FuguReport

Summary

This week's evaluation work pushes beyond narrow benchmark settings toward broader tests for LLM- and VLM-based agents. Across computer-use, GUI, and software-engineering domains, representative papers argue that progress now depends on benchmarks that better reflect real environments, heterogeneous tasks, and the full chain from perception and grounding to multi-step execution.

Situation

Recent papers identify evaluation as a major bottleneck for agent progress. OSWorld argues that many multimodal-agent benchmarks rely on static demonstrations or simplified environments, which cannot capture open-ended computer use across GUI and CLI interfaces, multiple applications, and mainstream operating systems. MMBench-GUI makes a similar case for GUI agents, noting that current benchmarks often test isolated capabilities, focus mainly on success rate, and lack coverage of real-world platforms and operational efficiency.

OmniCode extends this critique to software engineering, where common coding benchmarks over-focus on isolated tasks such as patch generation instead of the heterogeneous work of real development. Together, these introductions point to a field shifting toward more realistic evaluation through executable environments, cross-platform coverage, hierarchical capability breakdowns, efficiency-aware metrics, and broader task suites spanning multi-step and multi-tool workflows.

Infographic (English)

Comprehensive LLM Agent Evaluation situation infographic

Progress

CUBE: A Standard for Unifying Agent Benchmarks <See Details on Fugu-MT>

CUBE proposes a universal protocol standard that unifies access to agent benchmarks for evaluation, RL training, and data generation. Unlike earlier standalone benchmarks, it adds a shared protocol layer so compliant platforms can use any compliant benchmark without custom integration.

GUI-CEval: A Hierarchical and Comprehensive Chinese Benchmark for Mobile GUI Agents <See Details on Fugu-MT>

GUI-CEval introduces a Chinese mobile GUI benchmark built on physical devices across four device types and 201 mainstream apps. Compared with prior GUI benchmarks, it adds real-device coverage and a hierarchical five-dimension structure spanning atomic abilities to app-level tasks.

SWE-QA-Pro: A Representative Benchmark and Scalable Training Recipe for Repository-Level Code Understanding <See Details on Fugu-MT>

SWE-QA-Pro provides a benchmark for repository-level code understanding built from diverse repositories with executable environments. Compared with narrower coding benchmarks, it shifts software-engineering evaluation toward repository-scale understanding and pairs it with a scalable training recipe.

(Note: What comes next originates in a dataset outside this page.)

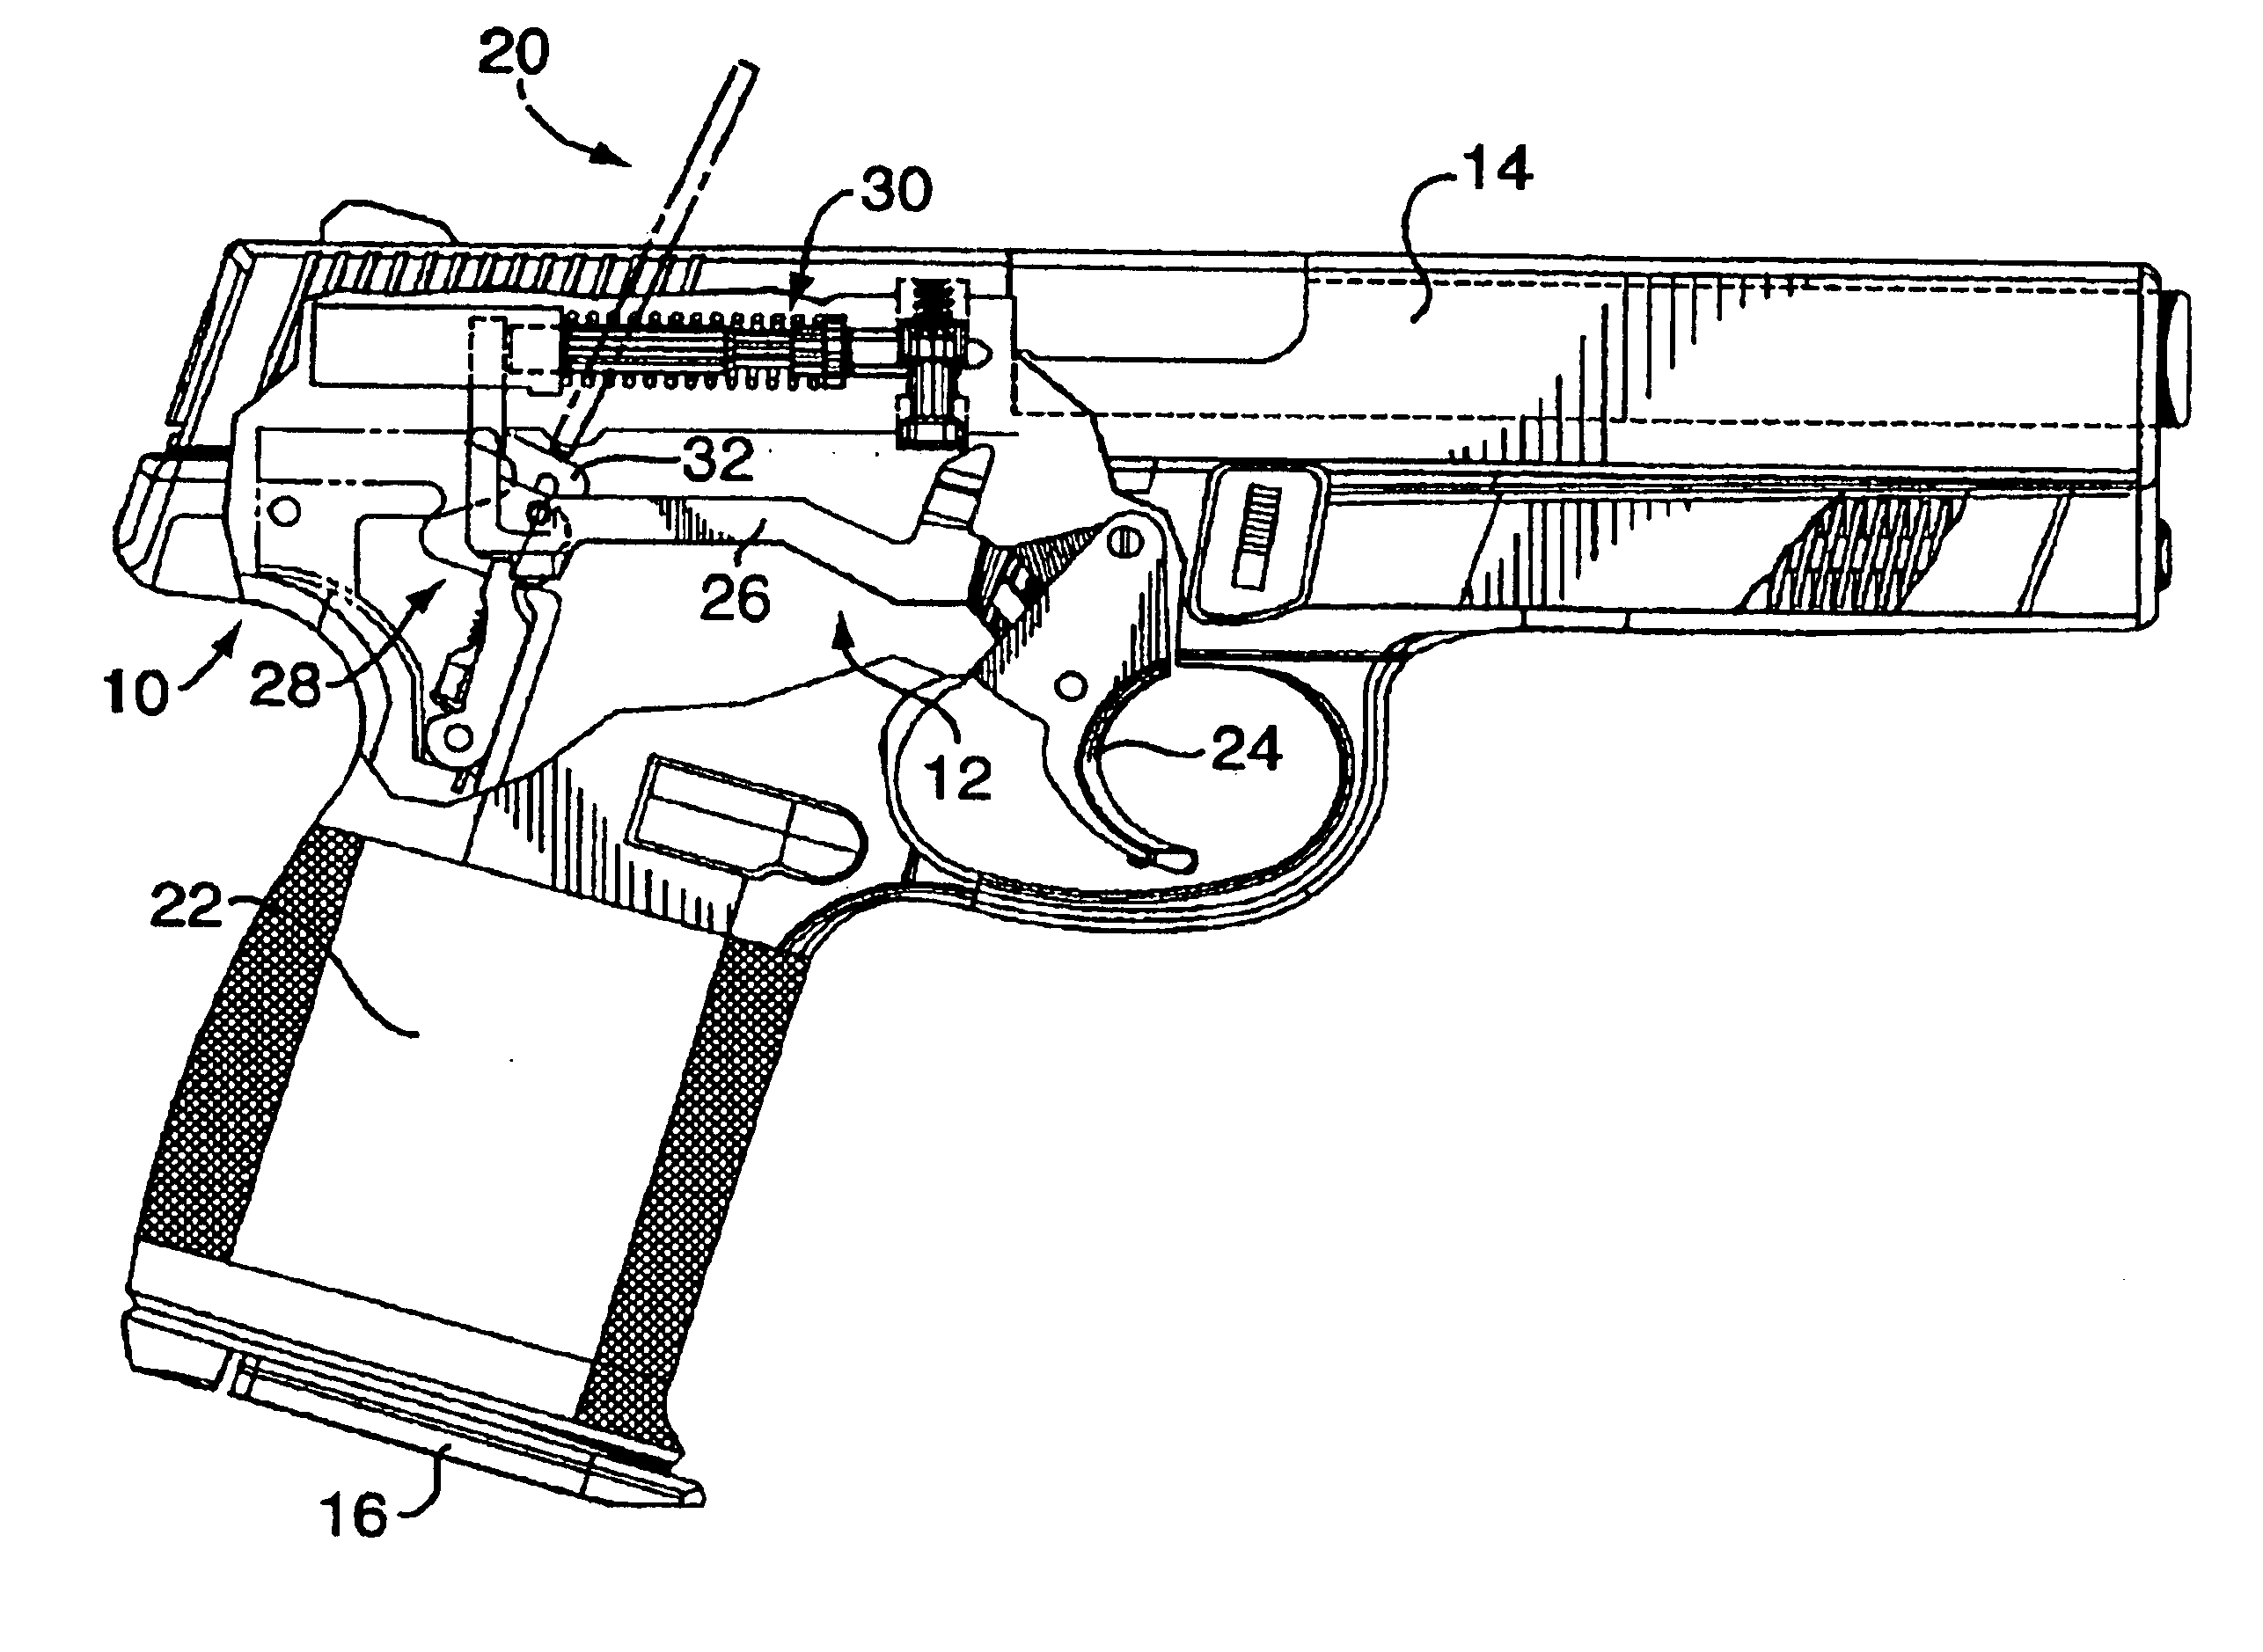 Apparatus and method for removing the slide of a semi-automatic pistol

CCTU: A Benchmark for Tool Use under Complex Constraints <See Details on Fugu-MT>

CCTU evaluates LLM tool use under complex constraints with 200 curated test cases and executable step-level constraint verification. Compared with benchmarks centered on final task success, it emphasizes constraint compliance and stepwise checking during tool-using workflows.

Outlook

The next phase of agent evaluation is likely to move toward more interoperable and diagnostic benchmark ecosystems. OSWorld and MMBench-GUI call for stronger GUI grounding, longer-context handling, memory and reflection mechanisms, broader platform coverage, and finer-grained runtime analysis. This week's progress aligns with that trajectory: CUBE offers a shared protocol layer for benchmark interoperability, GUI-CEval extends real-device GUI coverage, and CCTU adds step-level constraint verification. Near-term evaluation appears poised to emphasize executable, cross-platform settings with efficiency and error-attribution signals alongside task success.

A second direction is expansion into more heterogeneous and specialized domains. OmniCode argues for broader software-engineering task suites covering additional languages and categories such as security fixing, while SWE-QA-Pro extends evaluation to repository-scale code understanding. MMBench-GUI further notes that future work should include wider model coverage—including RL-based agents—and deeper failure analysis. The field is thus converging on benchmarks that test full workflows across desktop, mobile, coding, and domain-specific environments, with richer diagnostic signals as a basis for tracking realistic progress.

Infographic (English)

Comprehensive LLM Agent Evaluation outlook infographic

References

This page was created using generative AI such as GPT-5, Claude Opus 4, Gemini 3, Grok 4, Gemini 3.1 Flash Image, GPT-5.4 Image2, and their higher-end successor versions. No guarantee can be made regarding its contents.